158 N.Y.S. 657 | N.Y. App. Div. | 1916

Scott, J.:

Frederica Bucki, who died on November 19, 1912, by her will, gave her son, Charles Lloyd Bucki, a life estate in two-thirds of her estate, with power of appointment of the remainder. This power he exercised by his will in favor of his wife, Louise S. Bucki. Whether or not his will operated as an effective execution of the power of appointment was a question which gave rise to some litigation, and which was finally decided by this court in favor of his widow and appointee. (Hirsch v. Bucki, 162 App. Div. 659.)

The value of the life estate of Charles Lloyd Bucki, and the tax due thereon, was fixed by an order of the Surrogate’s Court dated September 16, 1913. That order provided as follows: “ Further ordered and adjudged, that the tax on the remainder of $18,259 be and the same hereby is suspended until the power of appointment is exercised, or the remainder vests in possession.

This distribution is made with the understanding that in the event of this estate vesting differently than as set forth herein, a reappraisal may be had either in favor of the estate or the State of New York.”

The order now appealed from results from a motion for the appraisal of the remainder passing to Louise S. Bucki by virtue of her husband’s appointment.

The Surrogate’s Court has appraised the remainder at the sum of $18,259, being the value thereof as stated in the order of September 16, 1913. The State Comptroller insists that the value of the remainder should be appraised at its full undiminished value of $42,158.46. He bases this contention upon section 230 of the Tax Law (Consol.
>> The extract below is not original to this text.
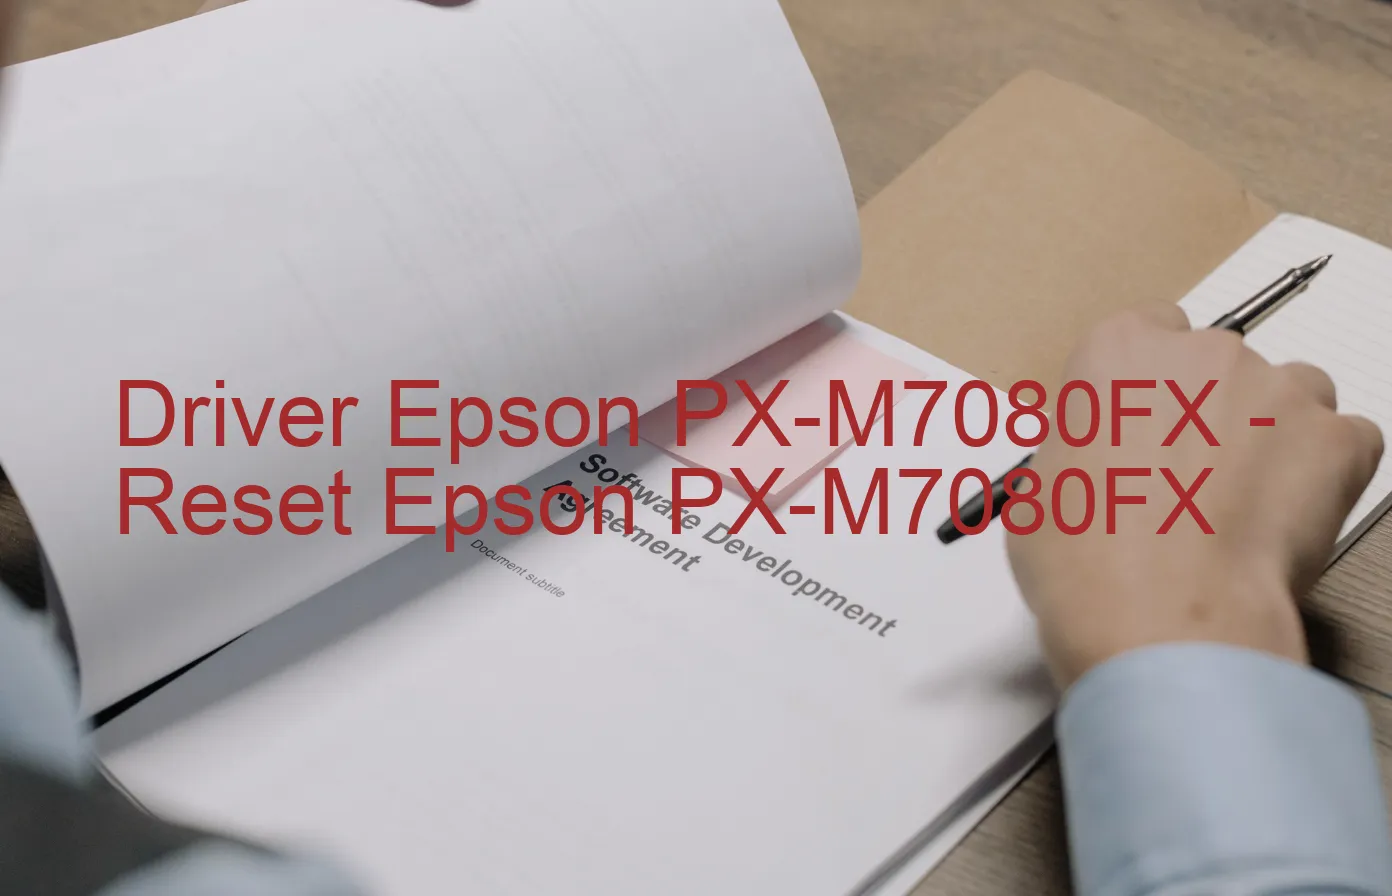 Epson PX-M7080FXのドライバー、Epson PX-M7080FXのリセットソフトウェア

Laws, chap. 60; Laws of 1909, chap. 62), as amended by chapter 800 of the Laws of *4571911, which was the statute in force when Frederica Bucki died. That section, so far as relevant, reads as follows: Estates in expectancy which are contingent or defeasible and in which proceedings for the determination of the tax have not been taken or where the taxation thereof has been held in abeyance, shall be appraised at their full, undiminished value when the persons entitled thereto shall come into the beneficial enjoyment or possession thereof, without diminution for or on account o'f any valuation theretofore made of the particular estates for purposes of taxation, upon which said estates in expectancy may have been limited.”
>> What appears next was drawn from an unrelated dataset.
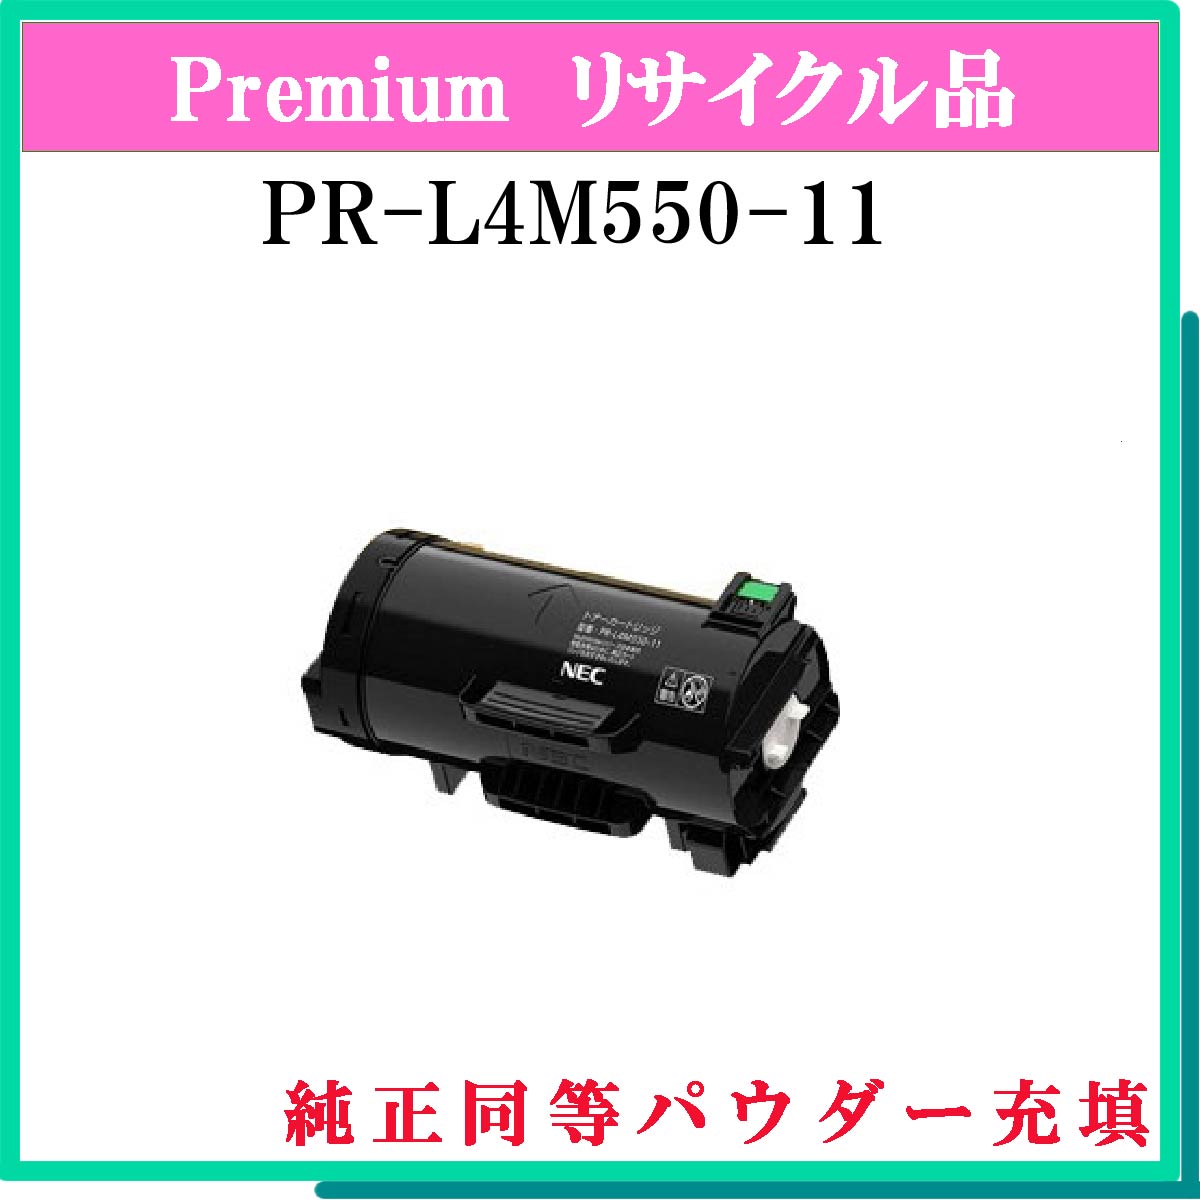 PR-L4M550-11 (純正同等ﾊﾟｳﾀﾞｰ)

This case seems to fall directly within the purview of this statute. The taxation of the remainder had been held in abeyance, and rightly so. (Matter of Howe, 86 App. Div. 286; affd., 176 N. Y. 570.) The remainder is, therefore, properly to be appraised at its full value unless, as respondent insists, the order of September 16, 1913, is a binding adjudication, not appealed from, that its value is the sum mentioned in that order. Clearly it was not such an adjudication. All that was before the appraiser and the surrogate at that time was the value of the life estate, and it is only as to the value of that estate that the order was conclusive. There was no necessity for then fixing the value of the remainder, and the surrogate had no authority to pass upon that question. (Matter of Mason, 120 App. Div. 738; affd., sub nom. Matter of Naylor, 189 N. Y. 556; Matter of Seligmann, 170 App. Div. 837.)
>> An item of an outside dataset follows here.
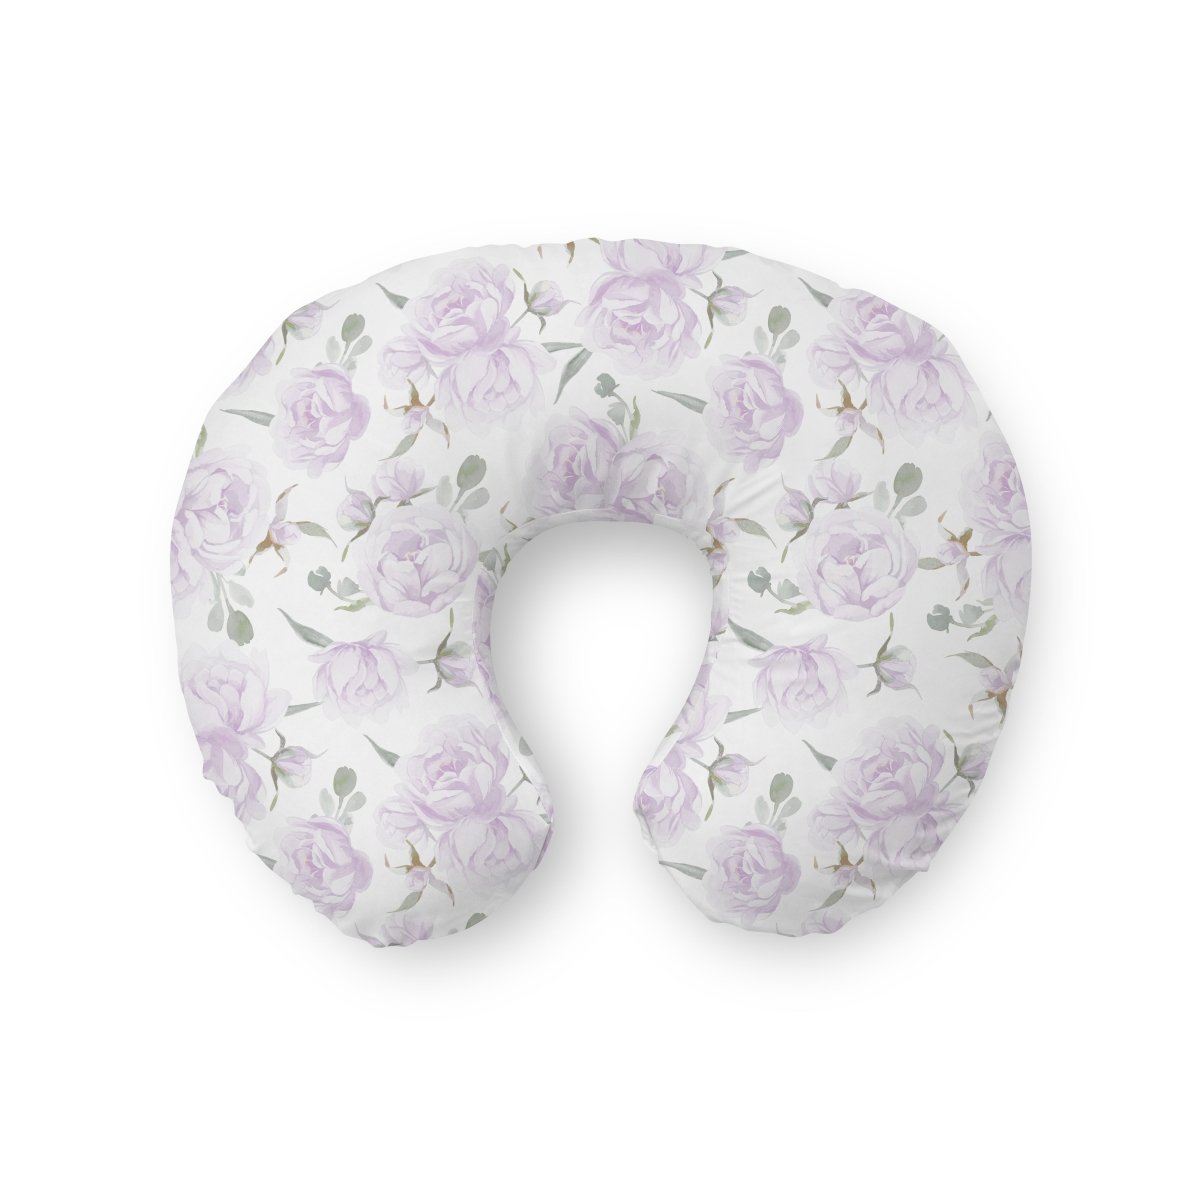 Lovely Lavender Nursing Pillow Cover - gender_girl, Lovely Lavender, Theme_Floral

The order appealed from must, therefore, be reversed, with ten dollars costs and disbursements, and the matter remitted to the Surrogate’s Court for an appraisement of the remainder and the fixation of the tax thereon in accordance with this opinion.

Clarke, P. J., McLaughlin", Smith and Davis, JJ., concurred.

Order reversed, with ten dollars costs and disbursements, and matter remitted to surrogate as stated in opinion.